Infelizmente, para o orgulho humano, as deslocações de
pessoas obedecem às mesma leis da dinâmica dos fluidos, guardadas as devidas
distancias e as diferenças de unidades. Isto é, tal como uma rede de saneamento
subdimensionada satura e extravasa ao
mais pequeno excesso de afluência, assim uma rede de transportes deficiente e
sobrecarregada prejudica seriamente os passageiros, quer estes se concentrem no
transporte individual, quer no transporte coletivo. As crises de saturação
ocorrem mais rapidamente no transporte individual para valores inferiores do
volume de passageiros transportados, e são mais penalizadoras no caso de
transporte coletivo subdimensionado.
É assim necessário planear uma rede de transportes quando se
pensa em organizar o território, quer a construir-se uma nova urbanização, quer
ao tentar corrigir a organização existente.
No caso da área metropolitana de Lisboa o problema agrava-se
com a desertificação da cidade intramuros (limites do município), a deslocação
da habitação e de muitos serviços e atividades industriais para os subúrbios e
a preferência pelo transporte individual.
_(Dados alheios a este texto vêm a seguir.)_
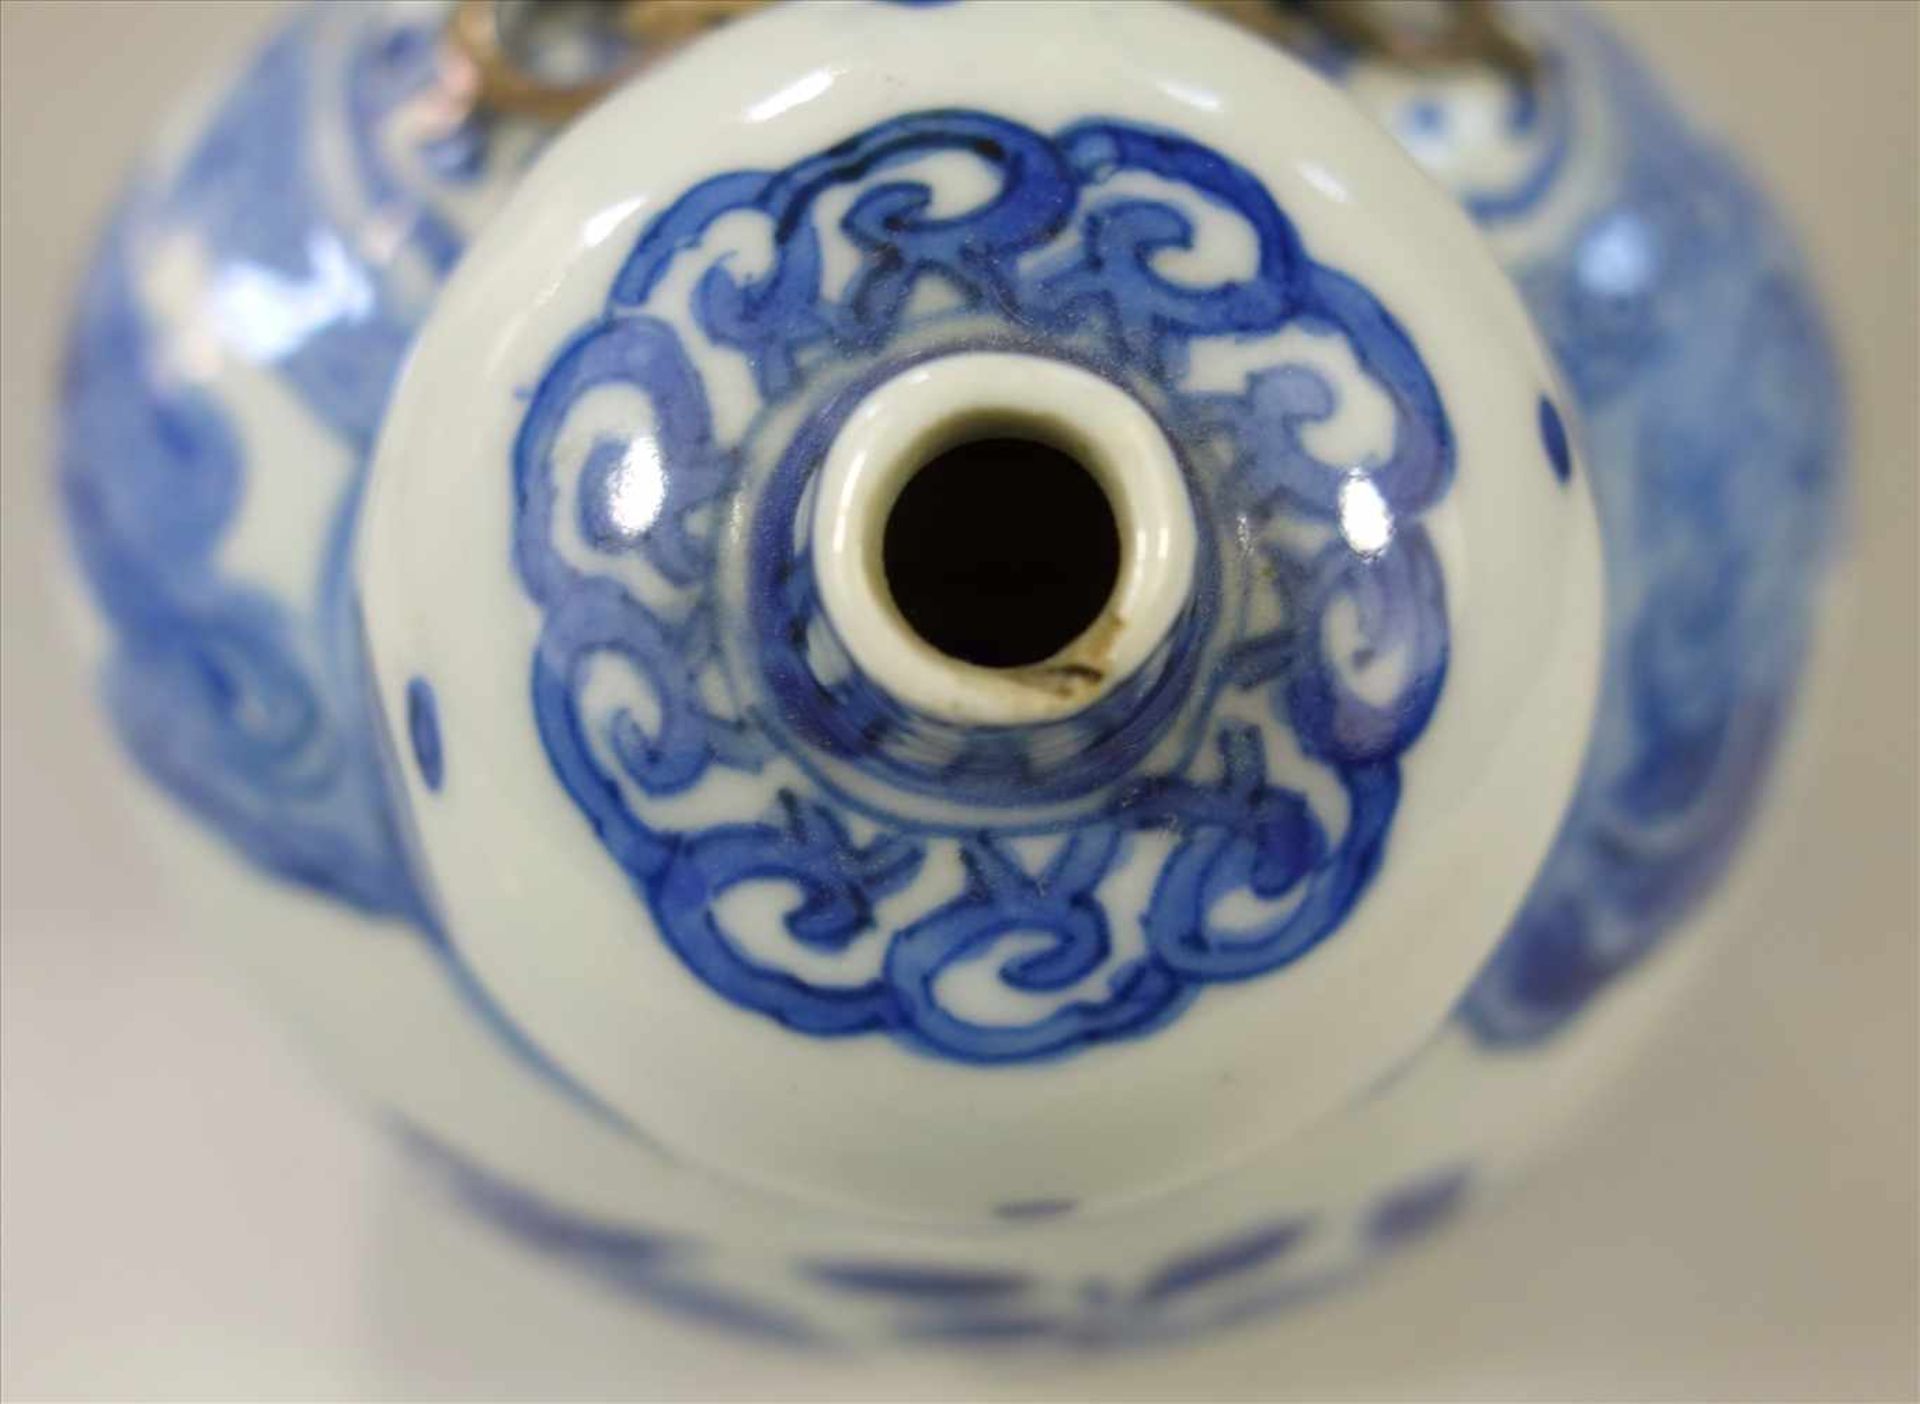 Kendi, wohl Ming, Wanli-Periode, China, 16./17.Jh., weißes Porzellan mit blauer Bemalung, vergoldete - Image 5 of 7

A população da área metropolitana de Lisboa, cerca de 2,3
milhões de pessoas, distribui-se pelo município de Lisboa, cerca de 500 mil
habitantes (nos anos 90 do século passado eram cerca de 800 mil), e pelos
municípios envolventes.
A rede de comunicações
é composta principalmente por rodovias rápidas radiais e secantes
relativamente à capital. Não existe a prática sistemática de realização de
inquéritos de tráfego. No entanto, estima-se que as deslocações diárias em
transporte individual no sentido habitação-emprego são da ordem de 160 mil
automóveis entrados em Lisboa e 240 mil no tráfego secante, de um município
envolvente para outro.
Um critério empírico, resultante de inquéritos de tráfego e de
confirmação dependente da repetição desses inquéritos, admite que para uma população
de 2,3 milhões de habitantes se espera um montante de 1,7 x 2,3 ~ 4 milhões de
deslocações diárias motorizadas. O que daria uma carga na hora de ponta de um
décimo (ou outro valor resultante de inquéritos de tráfego) ou 400.000
deslocações motorizadas na hora de ponta.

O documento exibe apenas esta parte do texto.